Information provided ::
%%

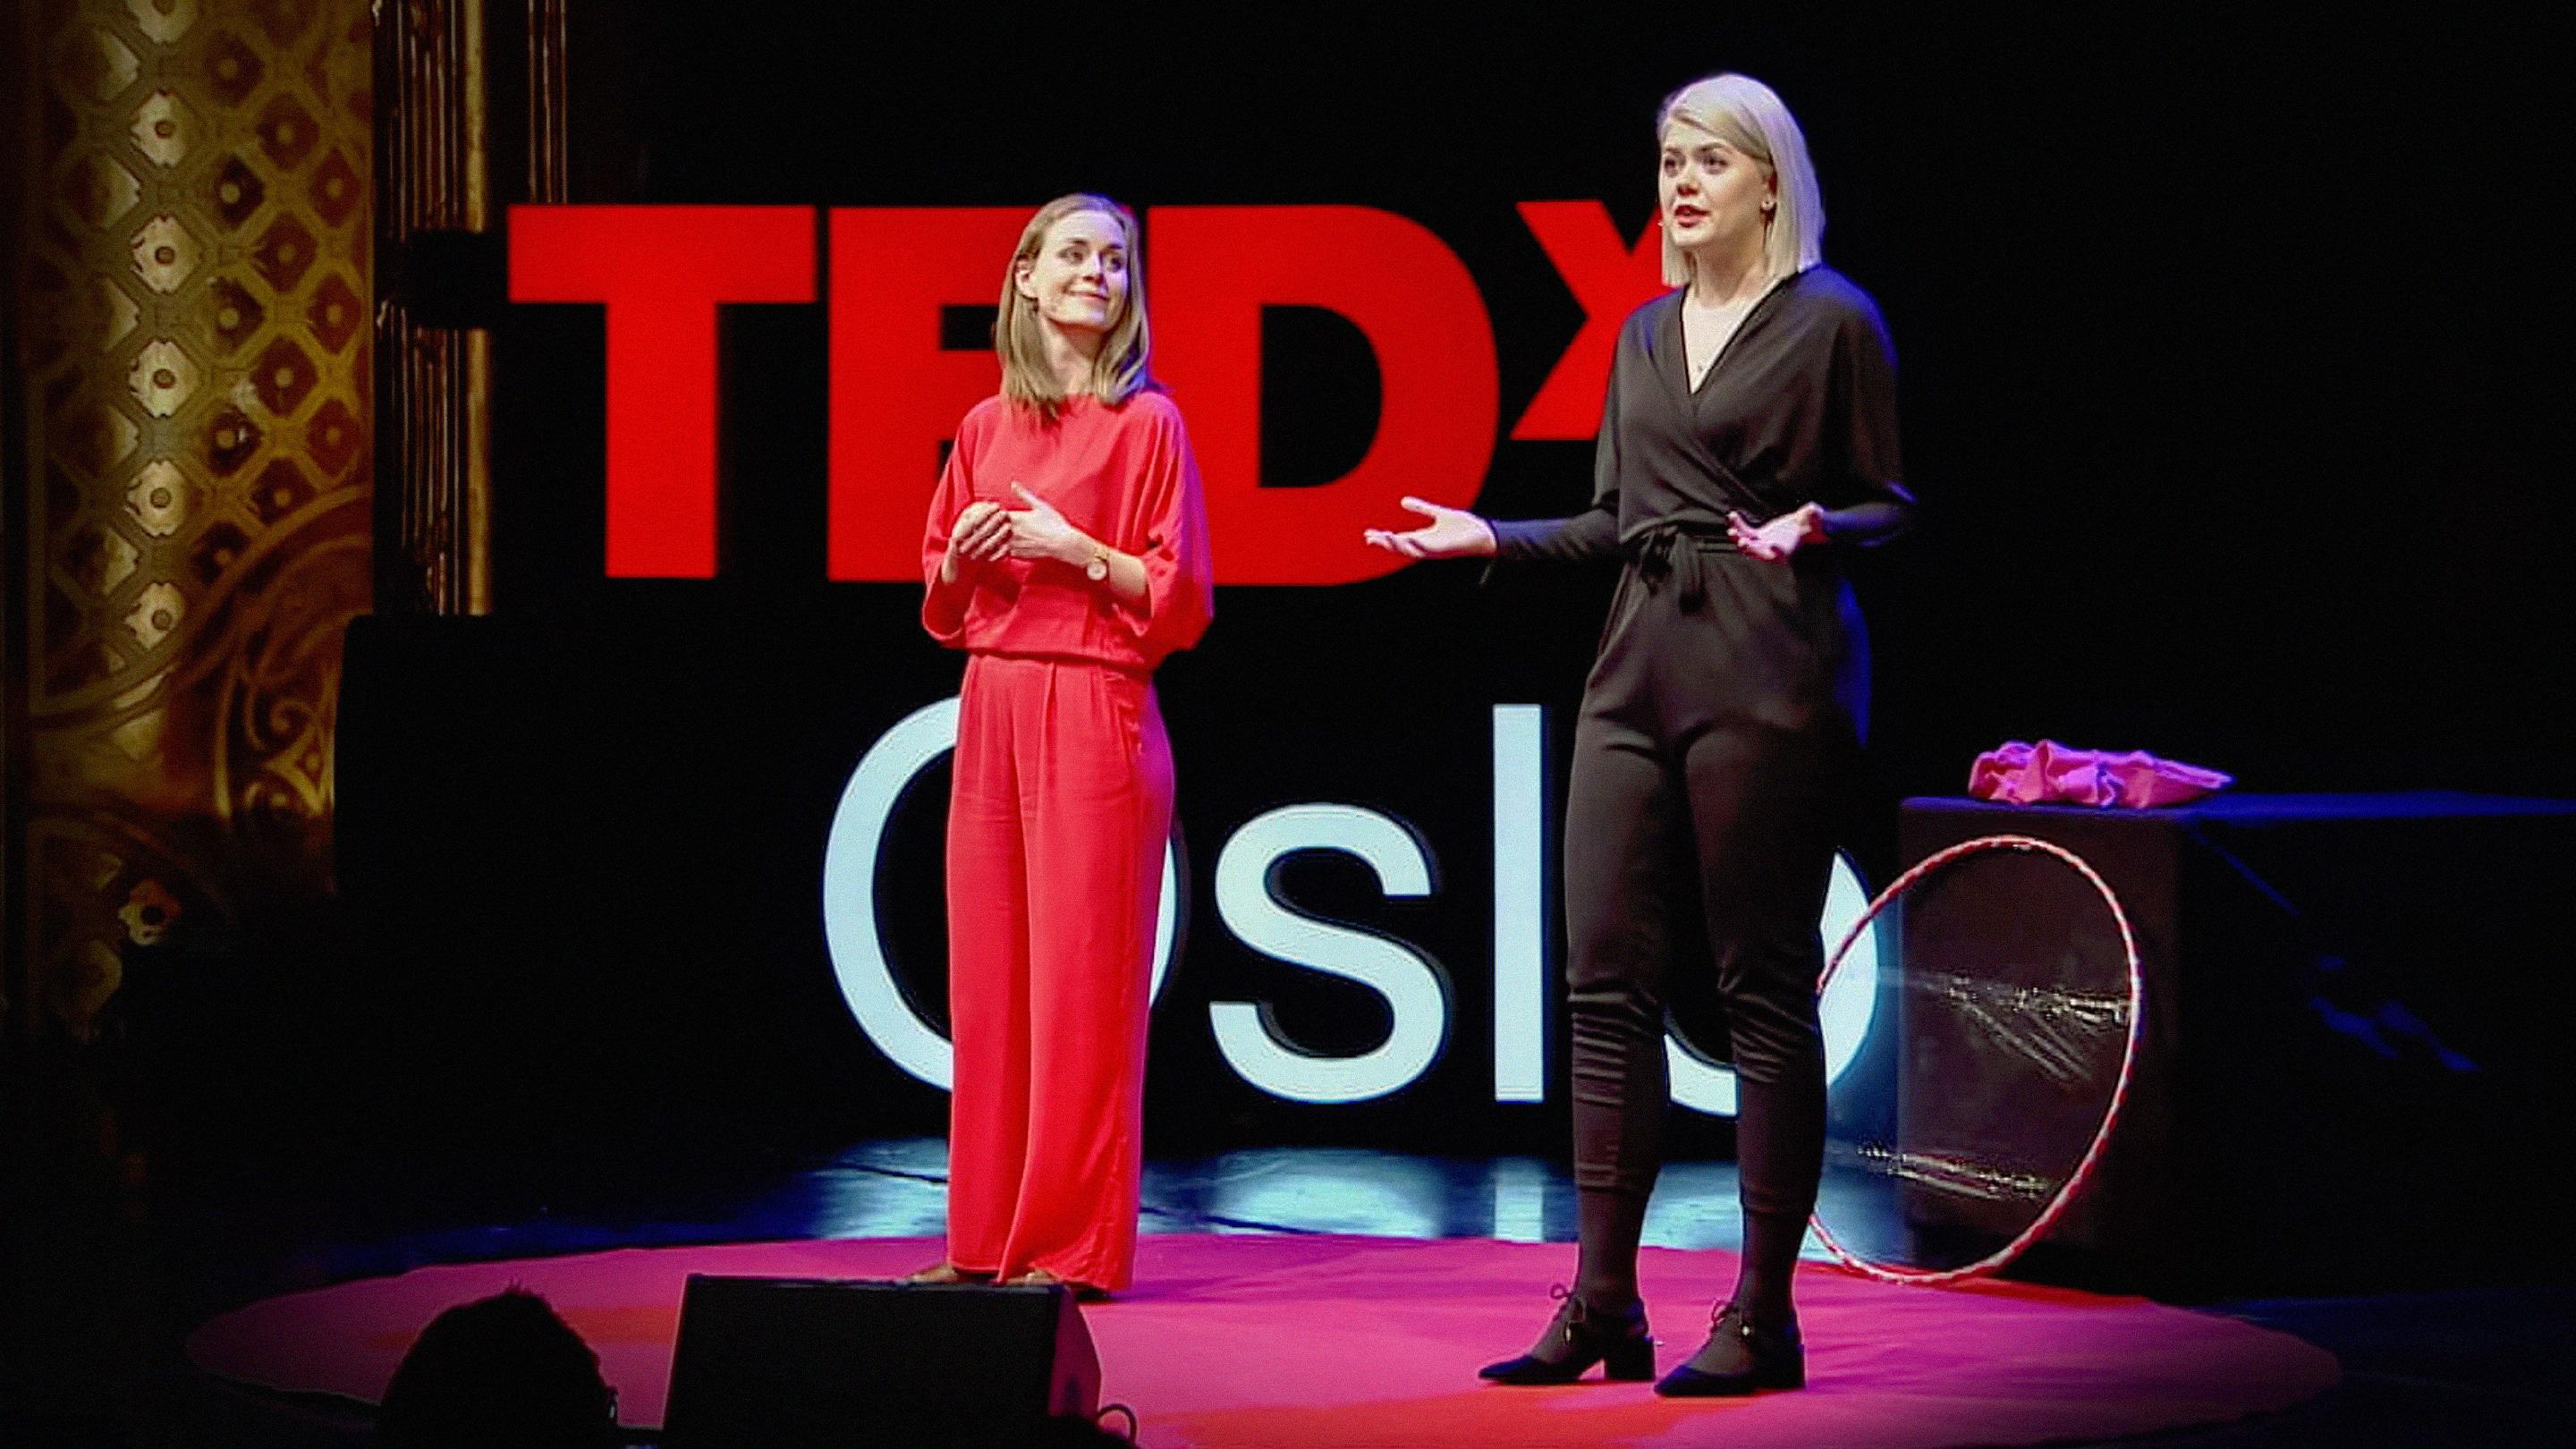 ニナ・ドルヴィク・ブロックマン、エレン・シュトッケン・ダール: 処女性にまつわる嘘 | TED Talk
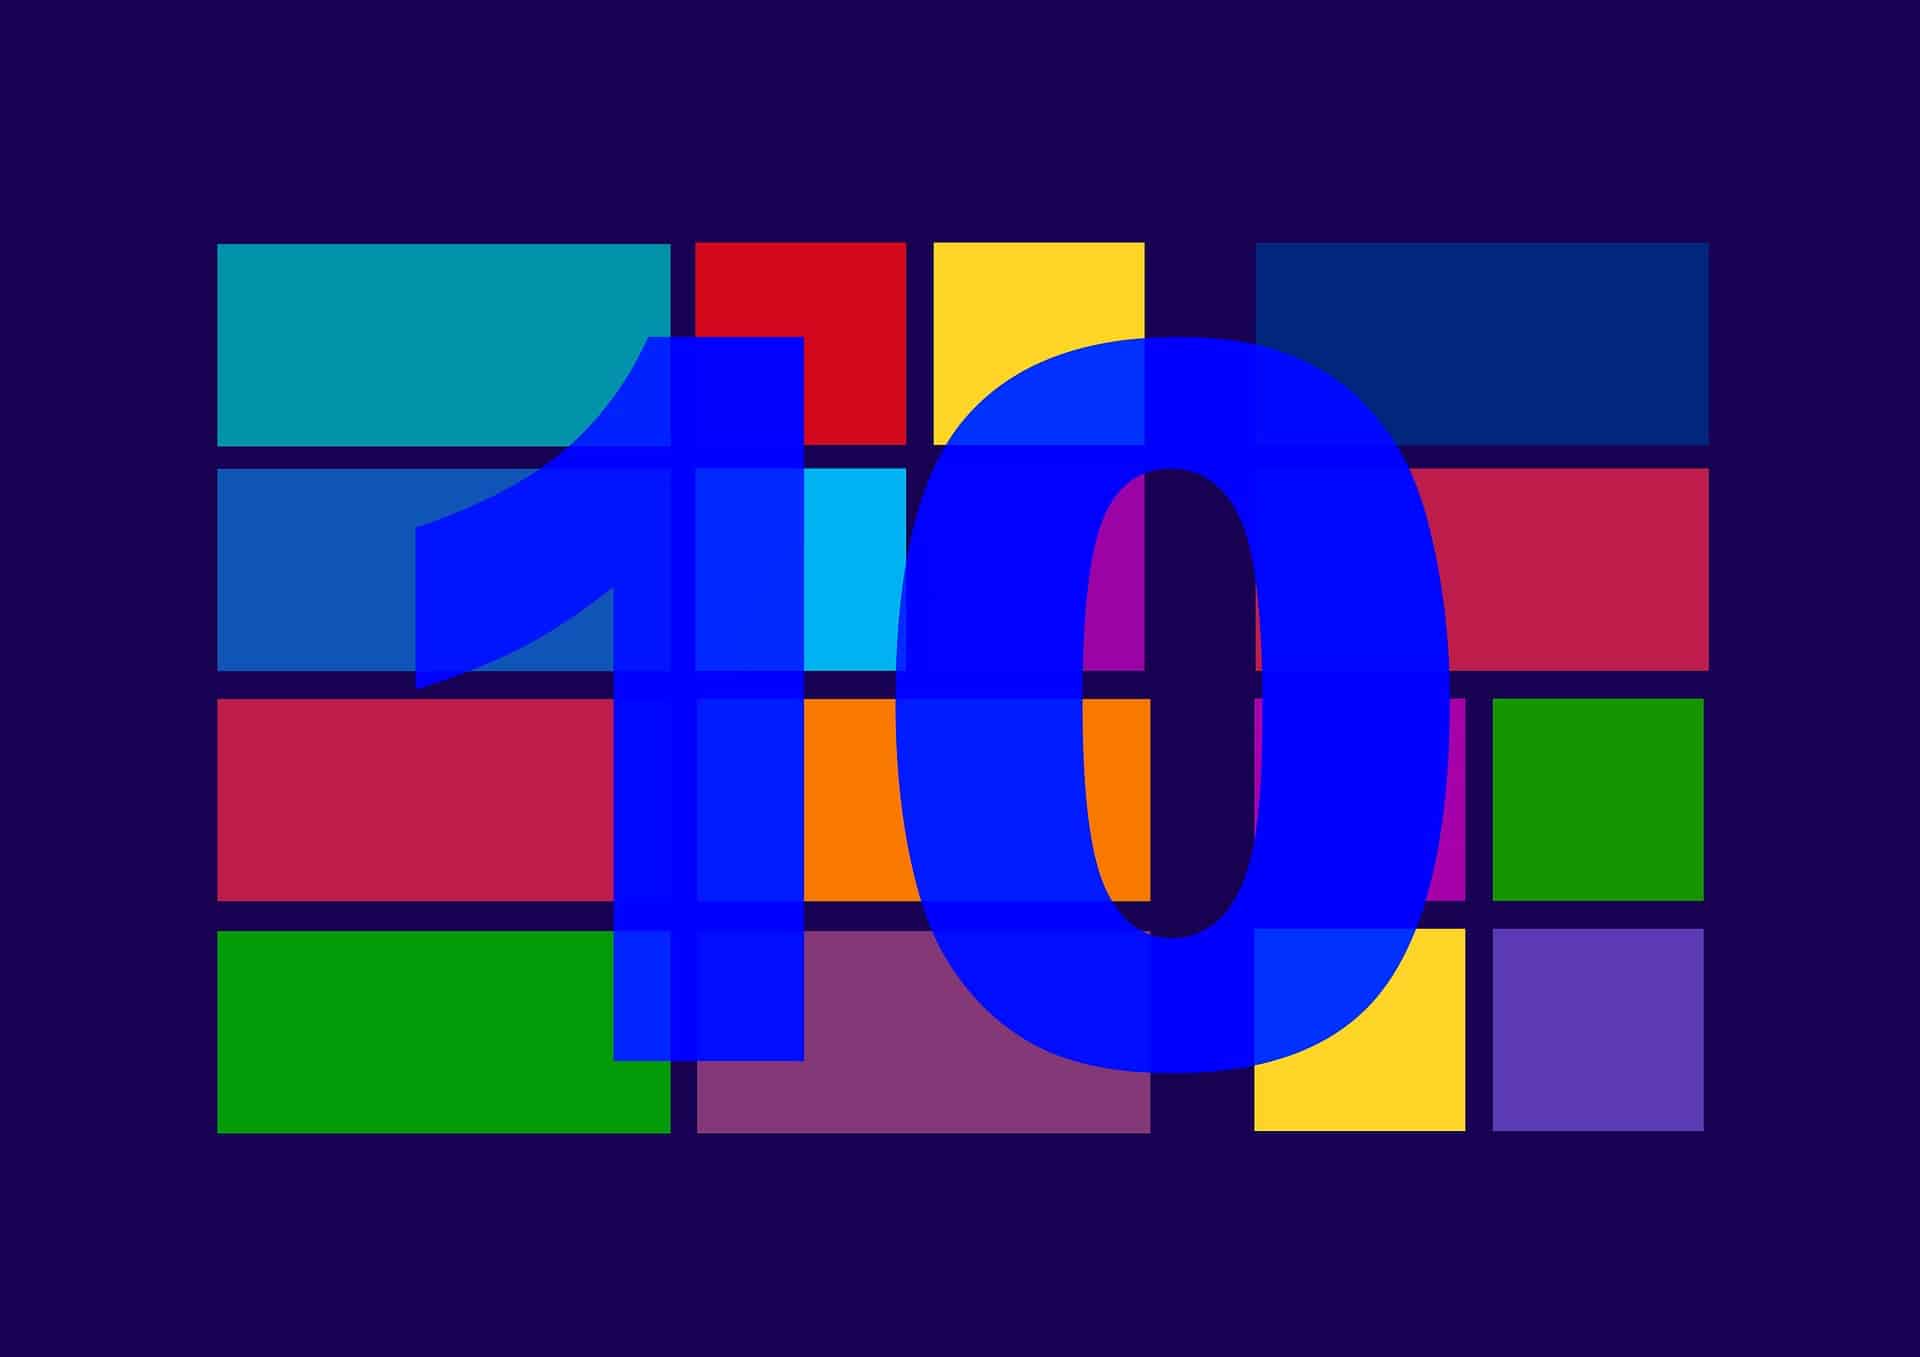 Comment installer les codecs HEVC gratuits sur Windows 10 (vidéos H.265)
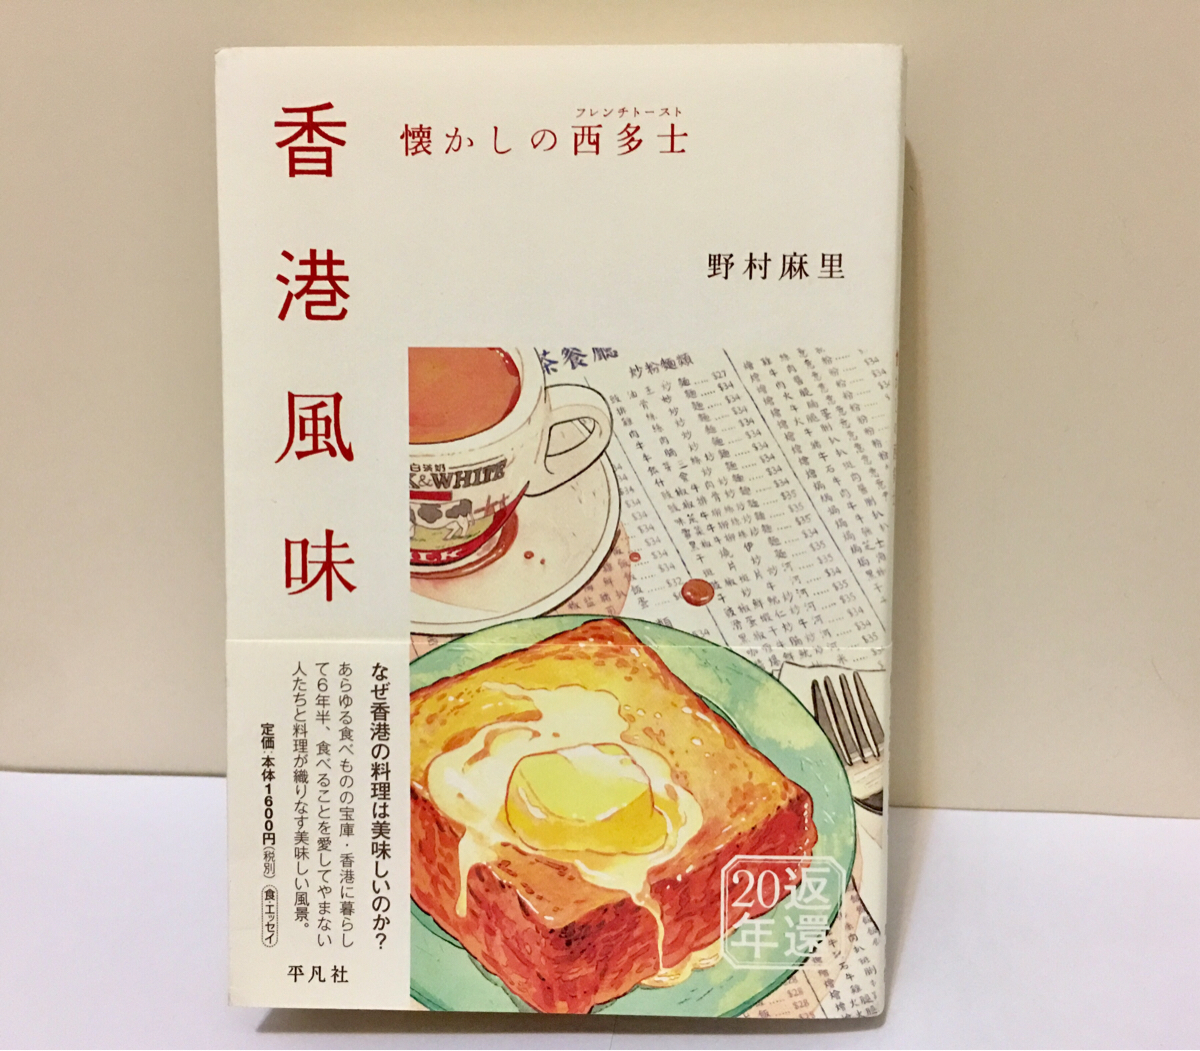 「懐かしの西多士(フレンチトースト)」を読んで自分が懐かしく思う香港の食べ物の暫定ベスト3をあげてみた

%%

Instructions for the task ::
Every line above is to be given again exactly, apart from the pictures.

Problem solution ::
 ニナ・ドルヴィク・ブロックマン、エレン・シュトッケン・ダール: 処女性にまつわる嘘 | TED Talk
 Comment installer les codecs HEVC gratuits sur Windows 10 (vidéos H.265)
 「懐かしの西多士(フレンチトースト)」を読んで自分が懐かしく思う香港の食べ物の暫定ベスト3をあげてみた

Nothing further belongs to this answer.